Top 10 tech predictions for 2012

9. There will be much ado about “retina displays”

A “retina display” is a display that’s allegedly of high enough resolution that individual pixels cannot be perceived by the human eye at 30cm. Now the term itself seems to have been pretty much invented by Apple’s marketing department when the iPhone 4 came out, and the science is pretty fuzzy, but it’s still a term we’re likely to hear a lot in 2012.

The iPad 3 is rumoured to be coming with a retina display with a resolution of 2048 x 1536, and many new iPad competitors will likely follow suit – using both LCD and AMOLED technology – if Apple does release a product with a super-resolution screen.

Apple's Retina screen was first introduced on the iPhone 4. Now we just want to see one on a tablet...

 

10. Facebook will reach a billion users, but be hated more than ever

Facebook has somewhere close to 800 million users right now, and by the end of 2012 will probably have a billion users. To put that in perspective, that’s one in seven people and half of all the world’s internet users.

That being said, we expect that Facebook’s history of unrepentant privacy violations will have users turning against it and going to other services like Google+, where it’s easier to manage groups of friends.

Of those billion user accounts, how many will still be active by the end of the year, and how many will simply lie fallow, existing only because Facebook makes it notoriously hard to close an account?

Facebook's Timeline feature: love it or hate it, soon you may not have a choice.

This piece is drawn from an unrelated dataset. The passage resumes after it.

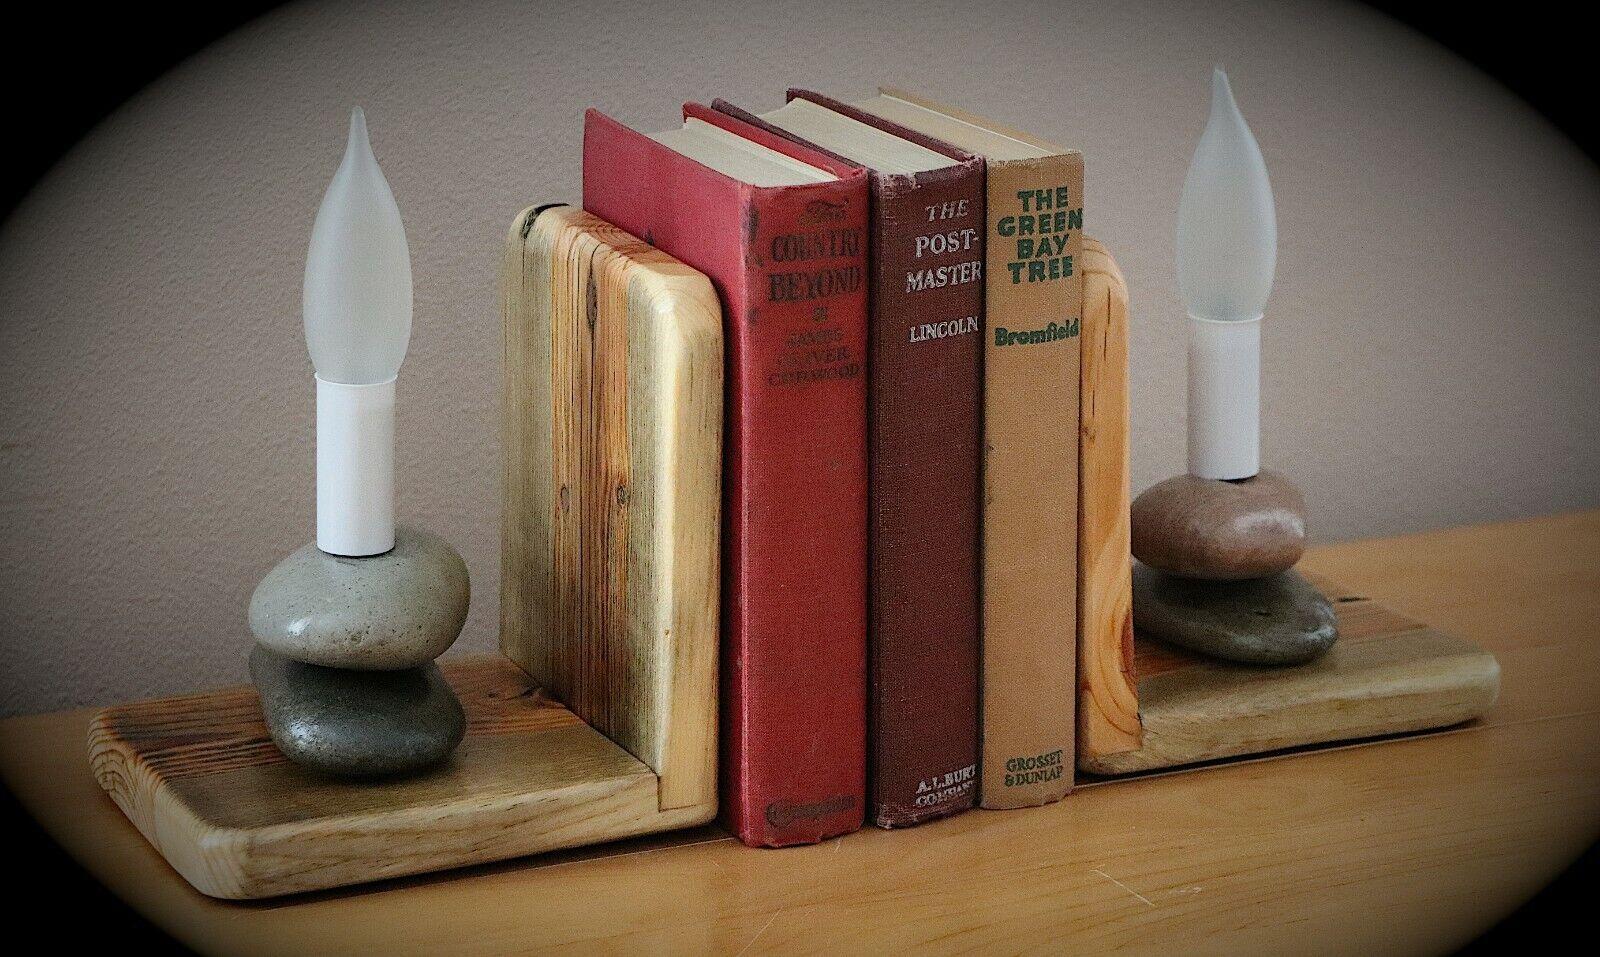 Rustic Stone Lamp Book Ends Cabin Lodge Southwestern Country Farmhouse Decor

Seven things that won’t happen in 2012

  1. You’ll still care that your TV is not 3D.
  2. Telephone tech support services will be made redundant by easy-to-use and setup up products
  3. The media starts to talk about gamers and social media users as if they’re the majority rather than some exotic sub-culture.
  4. All television ads will be broadcast with an unsubscribe option, selectable via the remote control.
  5. Big consumer electronics manufacturers decide that their patent wars just hurt everybody, and return to just trying to make the best products they can.
  6. Apple releases a technology that comprises of thin sheets of compressed wood cellulose onto which one can form images or words with ink. Calls it iPaper. The media goes wild over it, and Samsung tries to release its own version (but winds up in court because Apple has the patents).
  7. Our end of year predictions turn out to be 100% correct.